Recientemente ha tenido lugar una controversia generada por la inminente obra vial en el Boulevard Racedo de la ciudad de Paraná. Y es a partir de este caso que nos llamamos a  reflexionar sobre la gestión de las obras públicas y cuál es el rol de la participación ciudadana en la misma.

Las calles de la ciudad cumplen con una función estructurante y conectiva, caracterizada por el movimiento, donde se canalizan la circulación de automóviles y transportes públicos. Éstas son diseñadas de acuerdo a parámetros que tienen que ver con sus funciones, densidades de tránsito, emplazamiento, relieve de los terrenos, velocidades máximas permitidas, drenajes superficiales transversales y longitudinales, etc. Las calles facilitan el asoleamiento, la iluminación y ventilación de lo edificado. Sus calzadas canalizan servicios y sus aceras permiten la circulación de personas, así como también la plantación de árboles y césped para la absorción e infiltración de las aguas de lluvias.

 

Originalmente las calles bulevares eran grandes vías con vocación de estancia, es decir, cumplían una clara función habitualmente asociada con las plazas o parques, reclamando para sí actividades peatonales y recreativas. La amplitud de los bulevares habilitó la incorporación de vegetación y permitió que la naturaleza se asentara definitivamente en los espacios urbanos. Los árboles generaron esa vocación de estancia o lugares de permanencia primigenios, facilitando la creación de puntos de encuentro y sociabilidad. Los árboles evocaban la naturaleza desaparecida en el medio urbano y, desde entonces, se han convertido en un elemento fundamental,  tanto en la conformación del paisaje urbano, como en el logro de los denominados servicios ambientales que nos prestan, separando el tráfico rodado del peatonal y proporcionando entornos de gran calidad ambiental, siendo en la actualidad considerados como corredores de biodiversidad para la fauna urbana. Cabe destacar que el arbolado urbano de alineación (árboles que se alojan en las veredas o aceras) atempera el clima, atenuando las altas temperaturas estivales y logrando reducir el impacto producido por los distintos contaminantes urbanos (gases nocivos, polvillo etc.);  por lo tanto disminuye ruidos, vientos y olores,  jerarquizando el paisaje urbano. Todas estas características son las que diferencian la tipología de “boulevard” de la de una simple avenida.

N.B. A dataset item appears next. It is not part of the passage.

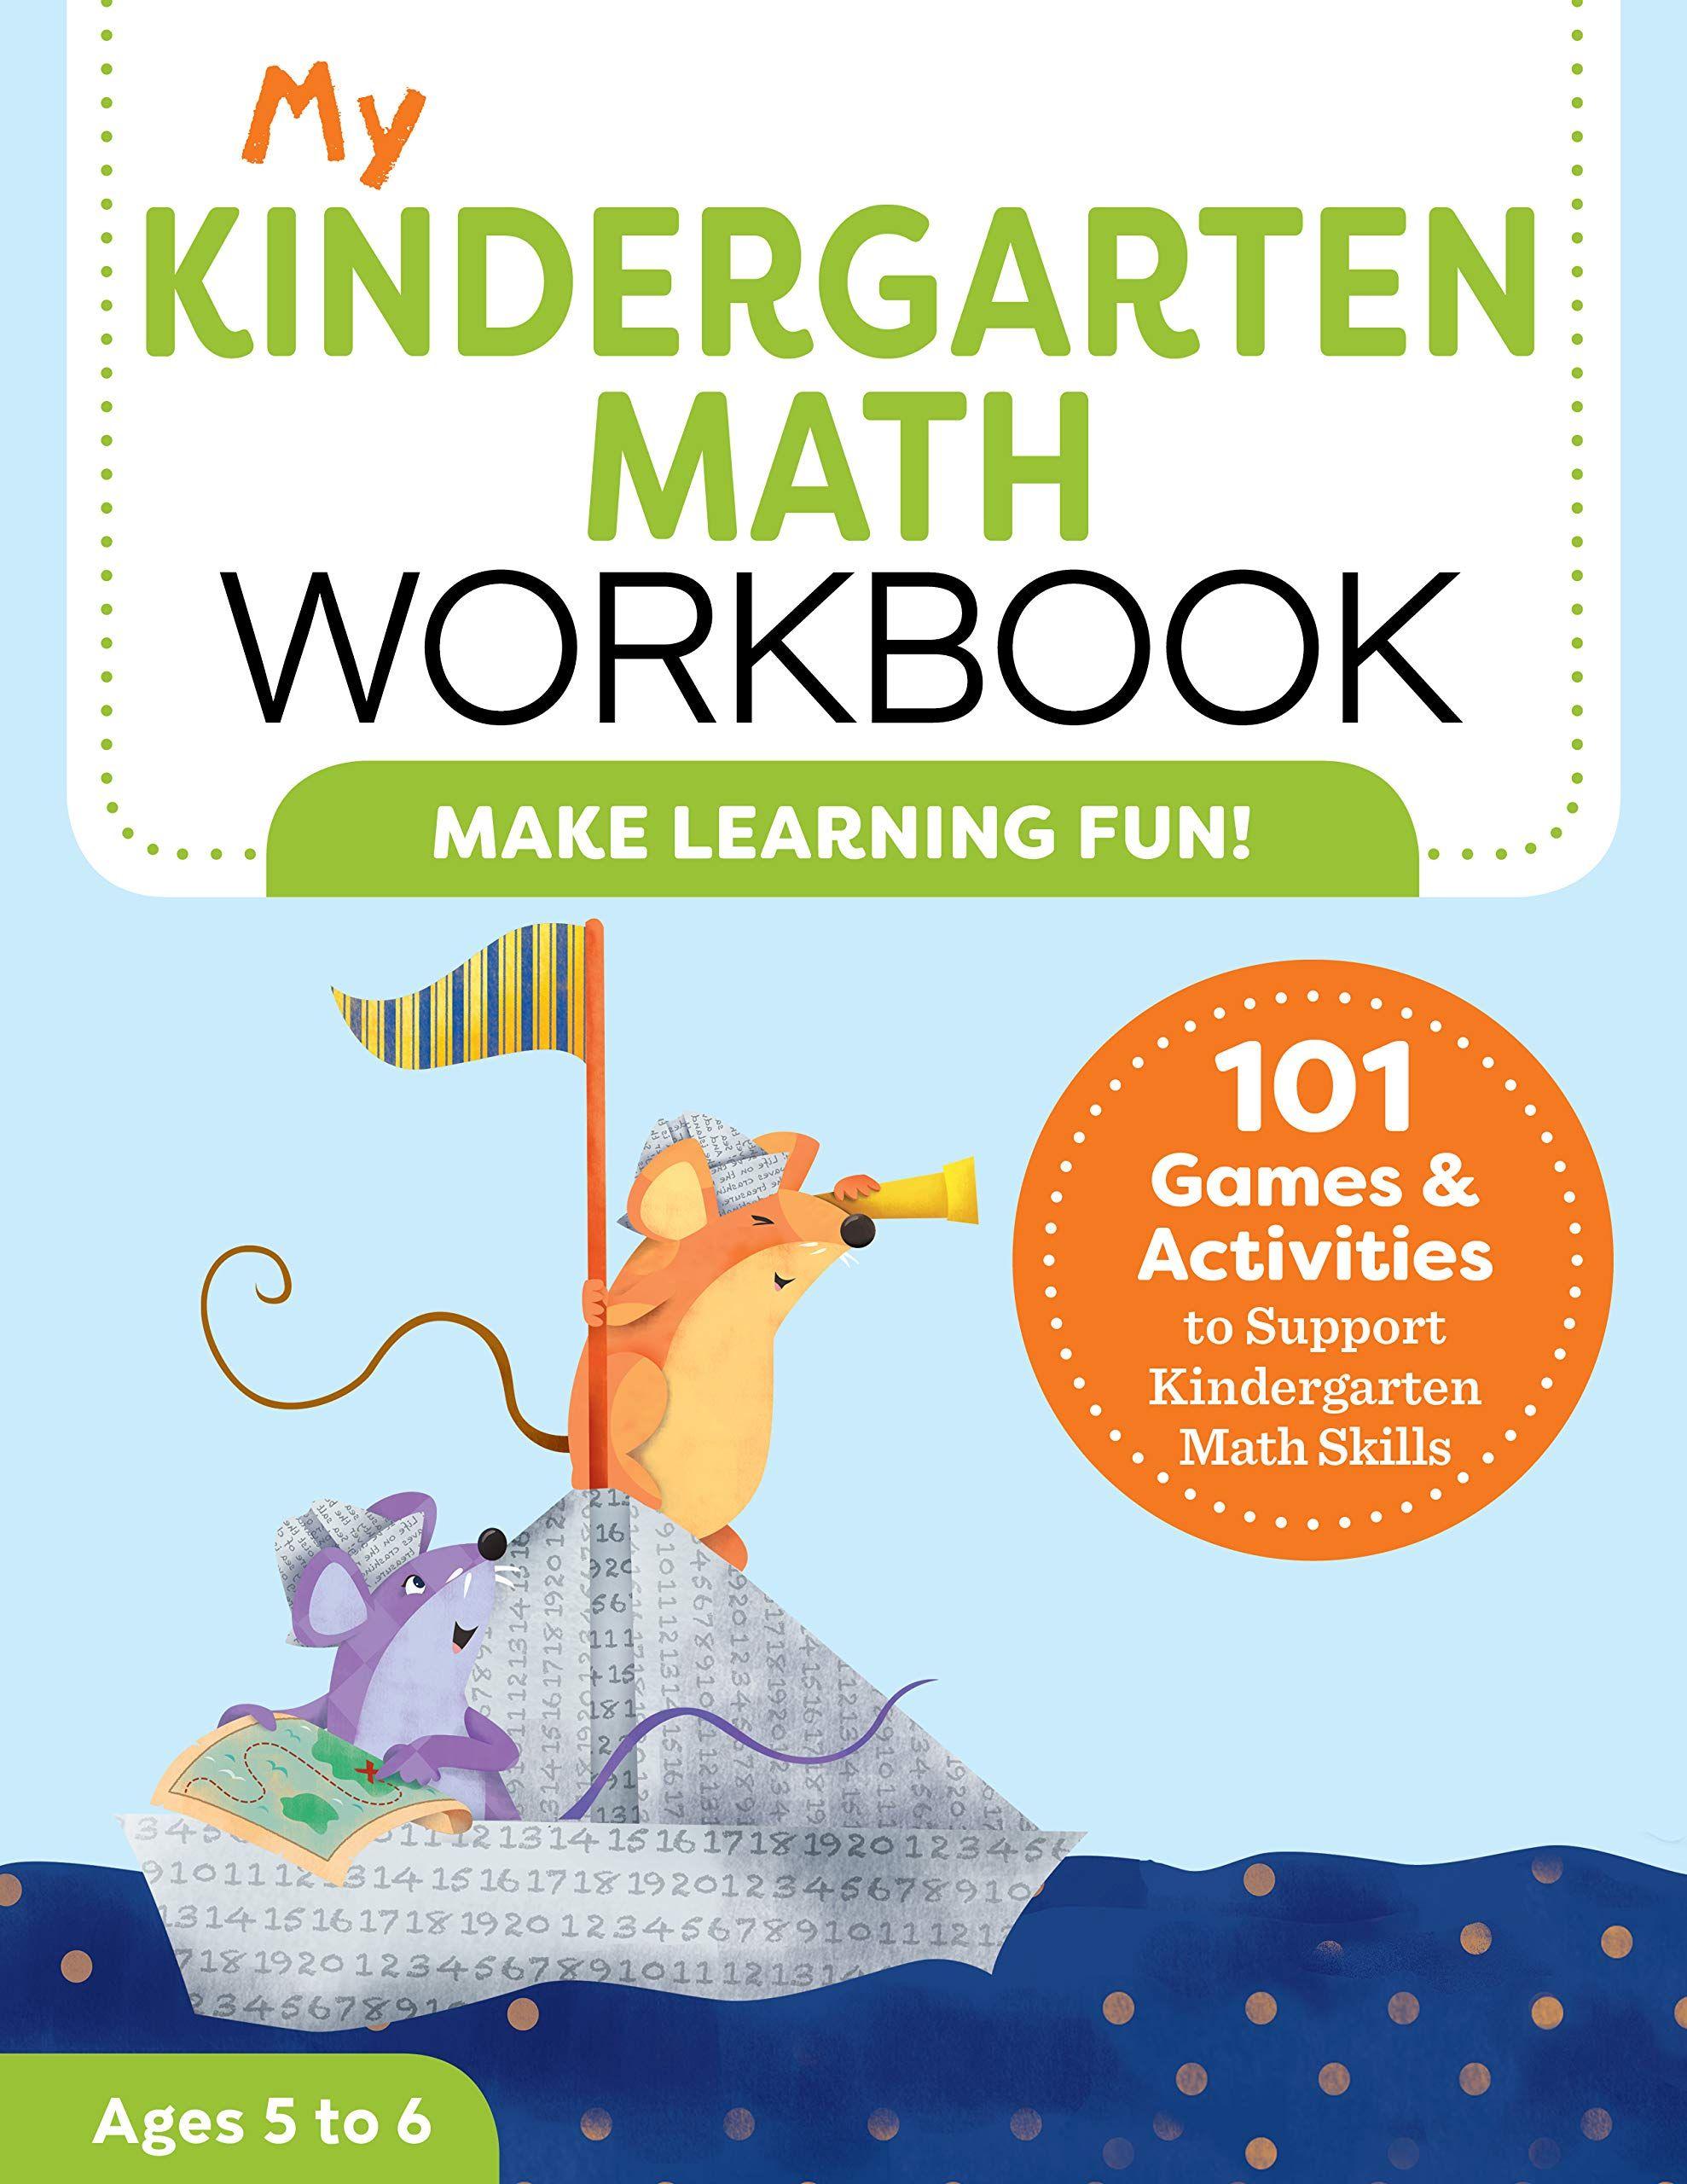 My Kindergarten Math Workbook 101 Games And Activities

Además de cumplir con todas las características de su tipología, boulevard Racedo se constituyó cómo un límite urbano que demarcaba el fin de un área, la cual limitaba con los terrenos del ferrocarril. Éste último se extendía desde Avenida Ramírez (antes Boulevard) hasta la Estación “General Urquiza”. Por su tipología,  uno de sus tramos  está conformado por dos carriles de automóvil, un generoso cantero central con pérgolas y palmeras, y a cada lado amplias veredas forestadas.

En la actualidad conserva su fisonomía original en el tramo que va desde Avenida de las Américas a calle Belgrano, mientras que desde calle Alsina hasta Avenida Ramírez está caracterizado por las anchas veredas con arbolado público y una calzada de doble vía (hasta Feliciano, luego se unifica en una sola vía).

Racedo es una importante vía que conecta dos áreas urbanas de alto valor patrimonial. Por un lado el ex hipódromo (o lo que queda de él como posible infraestructura verde) y la antes mencionada estación de ferrocarril. Sin embargo, boulevard Racedo, por el ancho de sus veredas también es un corredor verde que se configura en “pulmón” para esa parte de la ciudad, ya que las calles que la intersectan y atraviesan son de veredas angostas y escaso arbolado (Feliciano, Rocamora, Alsina). Las especies arbóreas que alberga son variadas y generan un microclima de sombra y temperatura particularmente agradables para los transeúntes.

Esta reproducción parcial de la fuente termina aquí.